◆ EXERCISE DIRECTIONS
Repeat the listing below verbatim, without its images.

◆ COLLECTED MATERIAL

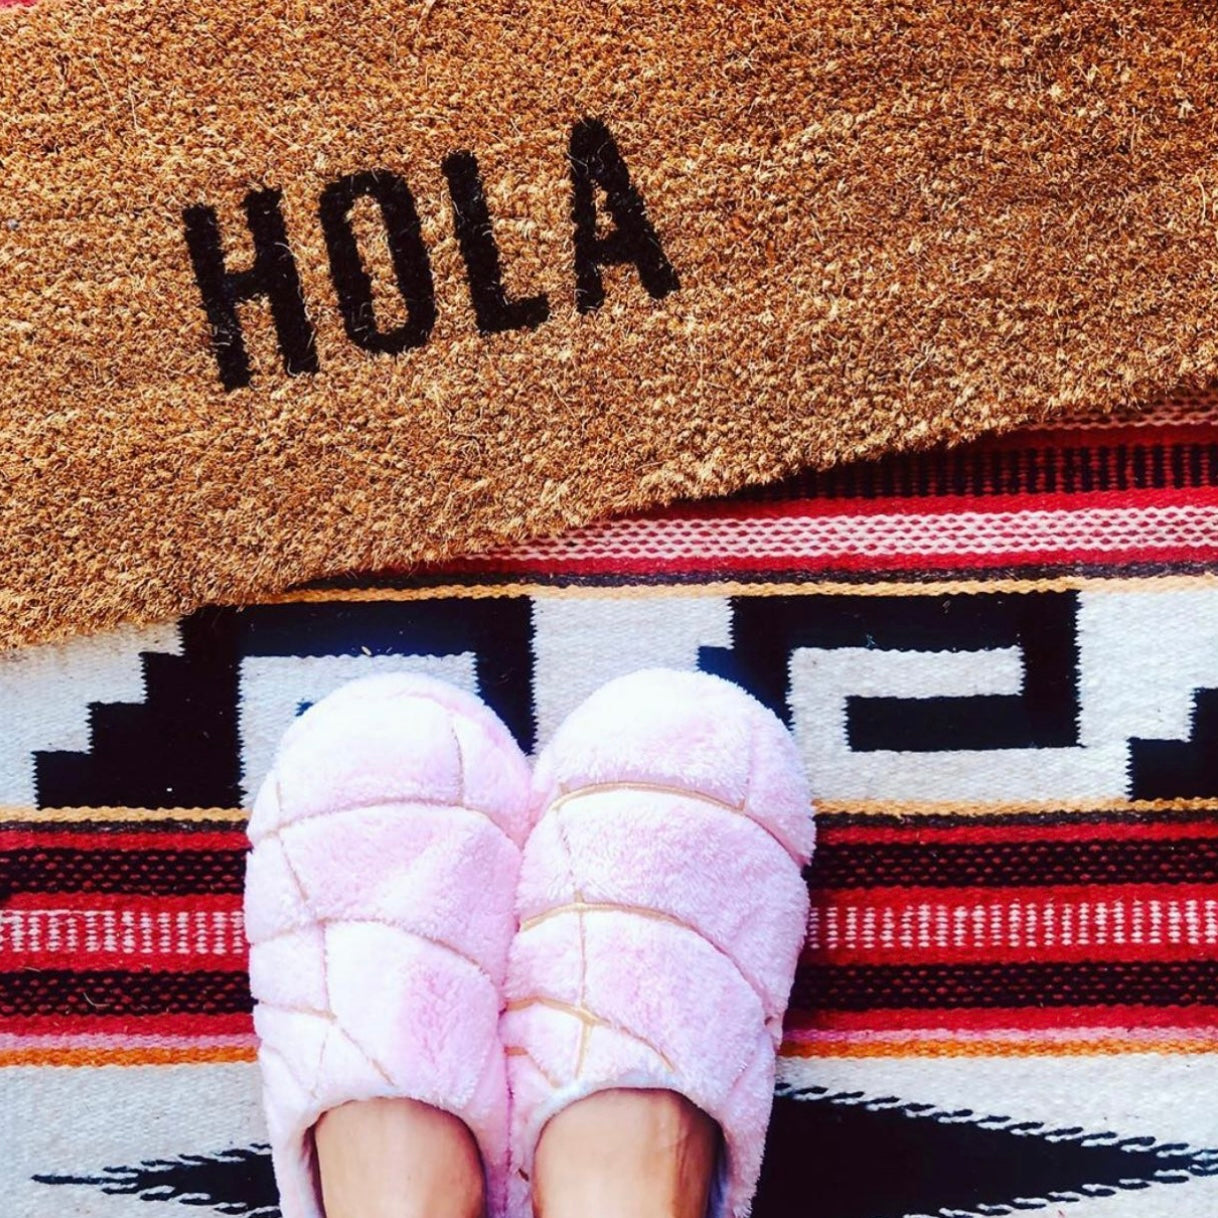 Top view of light pink concha pantuflas (slippers). Photo features HOLA welcome mat.
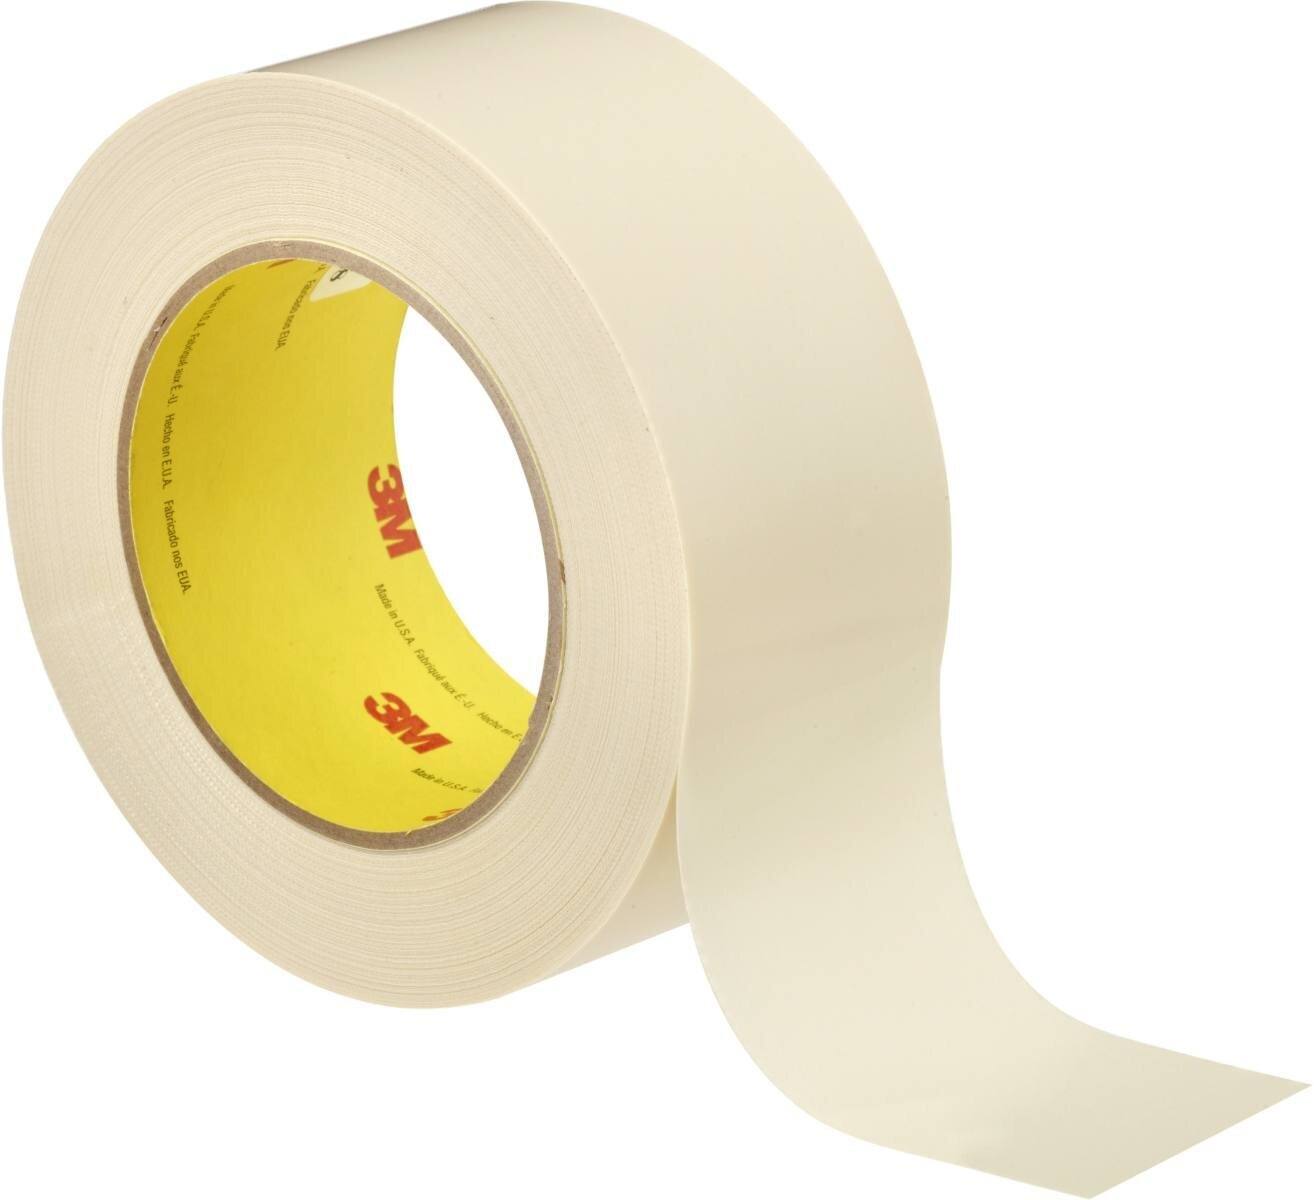 3M 5401 Traction Tape 609mmx33m
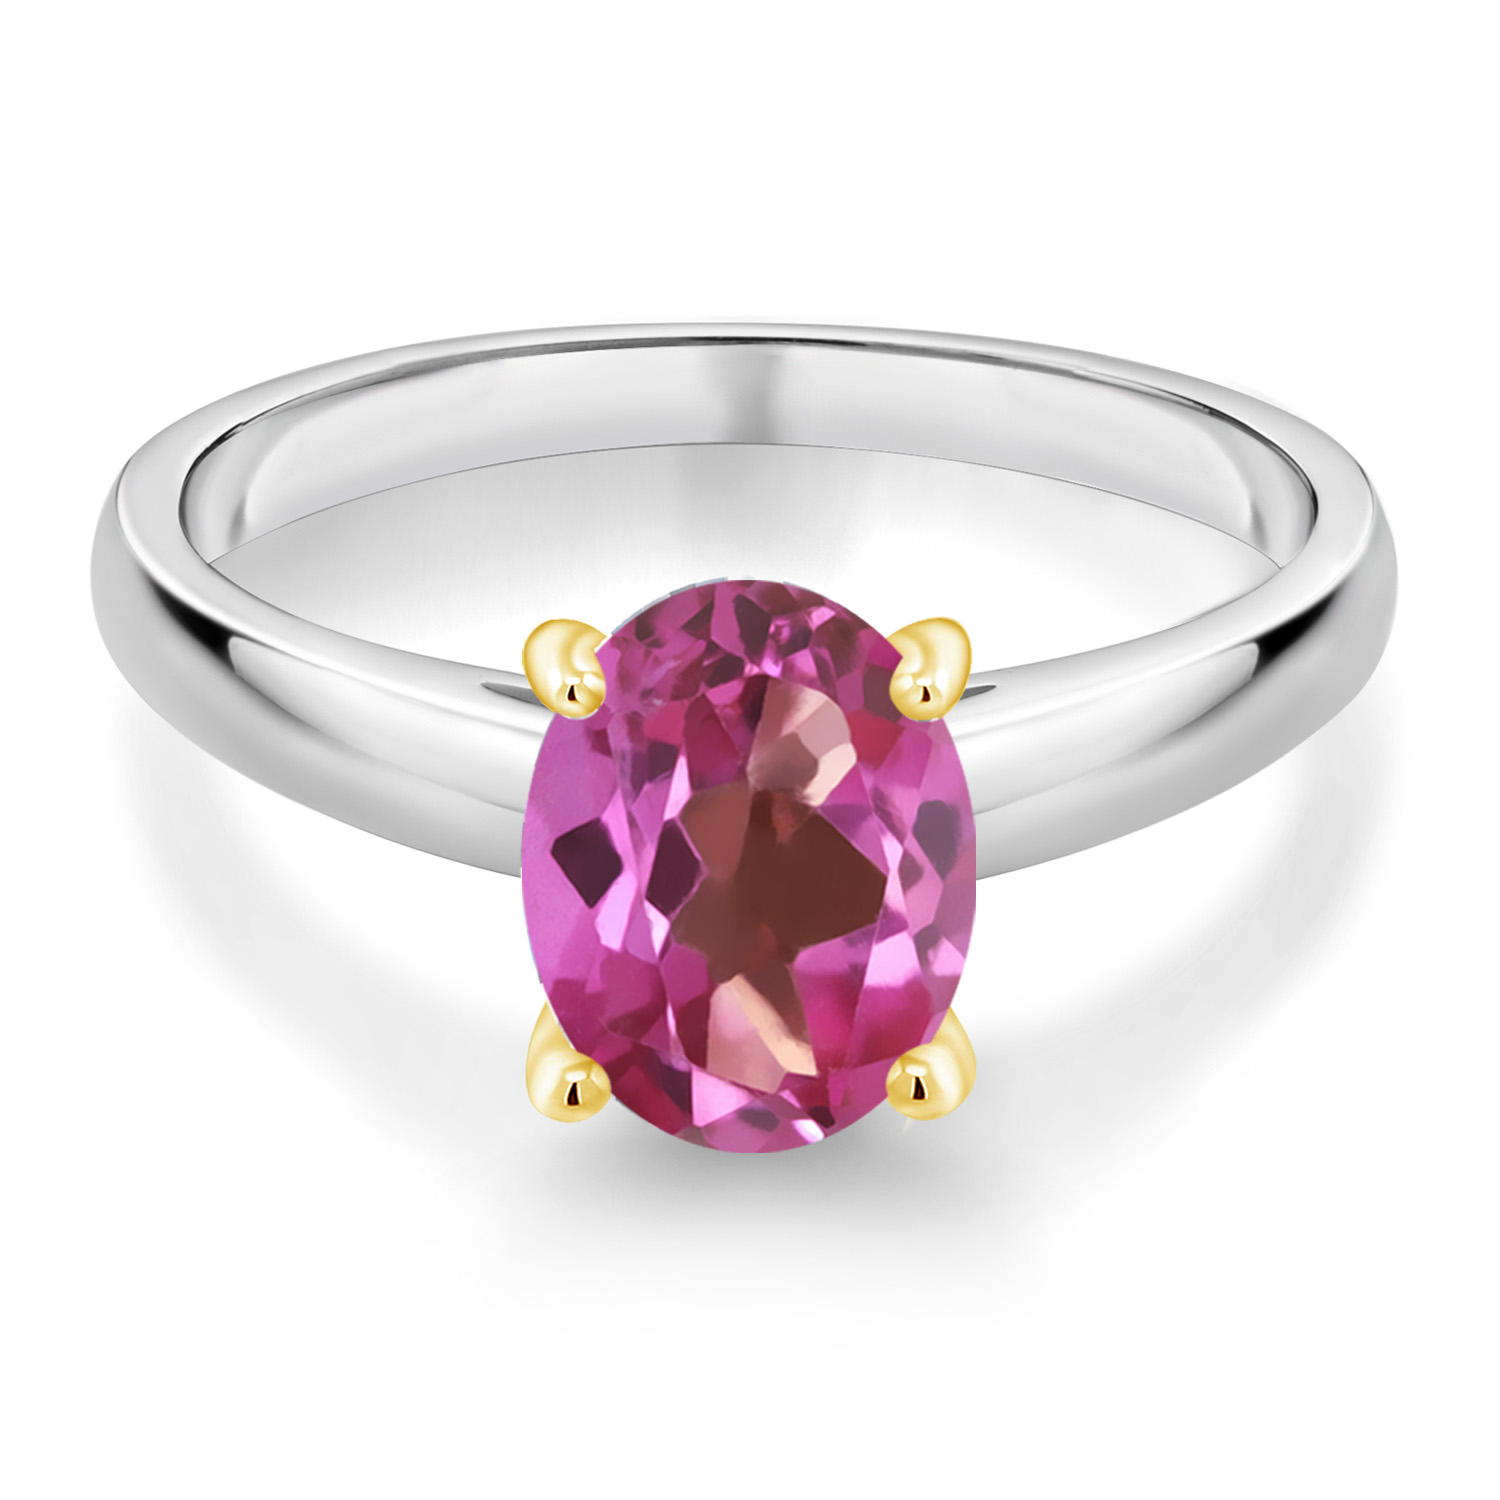 Gem Stone King 2.20 Ct Pink Mystic Topaz 925 Silver and 10K Yellow Gold Ring Ring
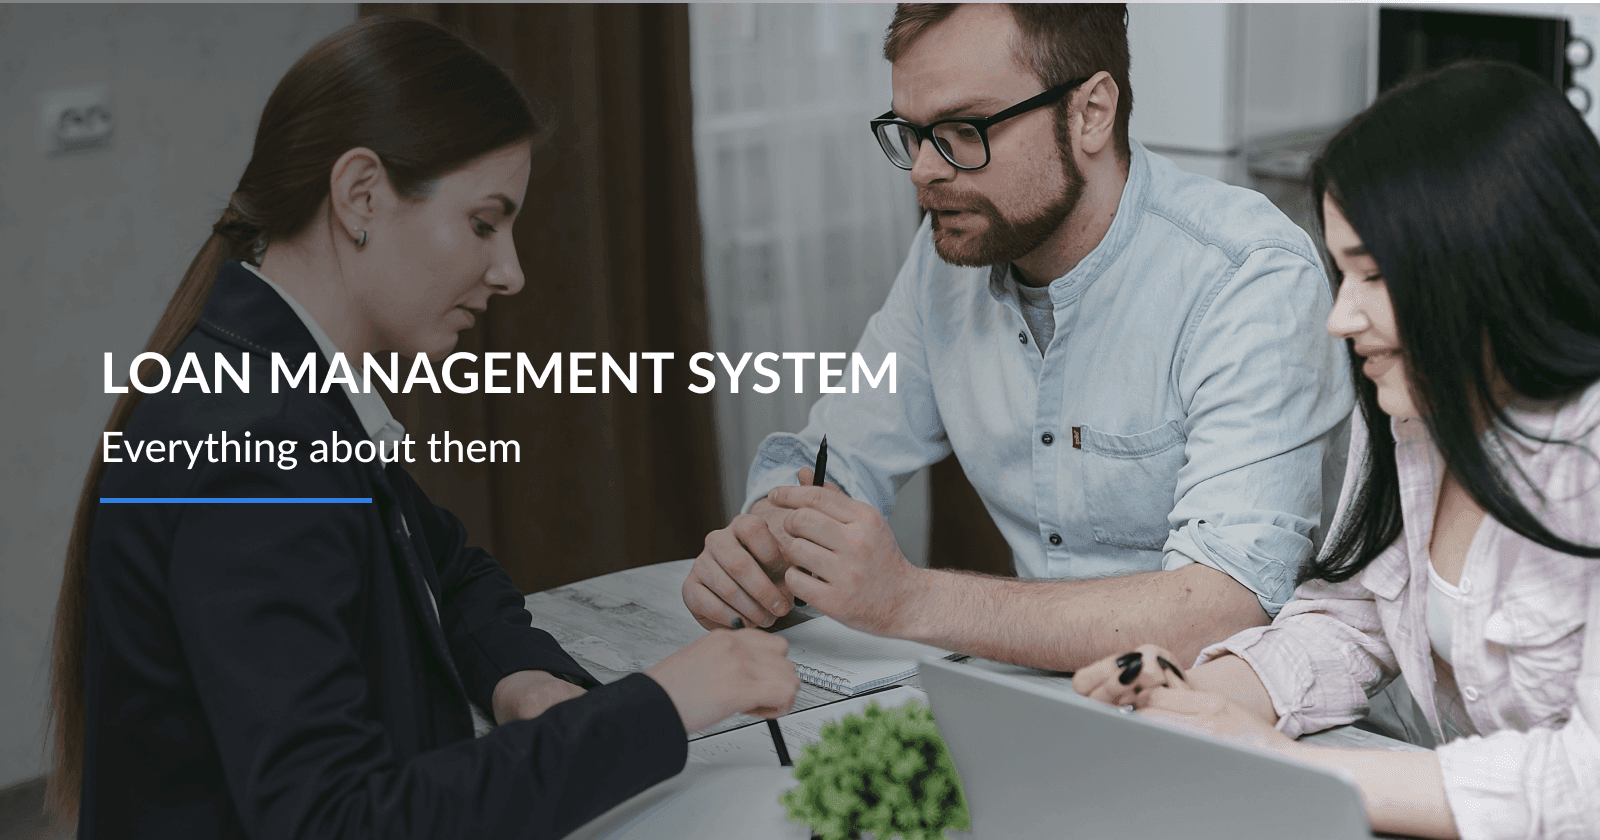 Loan Management System & Everything about them

◆ EXPECTED ANSWER
 Top view of light pink concha pantuflas (slippers). Photo features HOLA welcome mat.
 3M 5401 Traction Tape 609mmx33m
 Gem Stone King 2.20 Ct Pink Mystic Topaz 925 Silver and 10K Yellow Gold Ring Ring
 Loan Management System & Everything about them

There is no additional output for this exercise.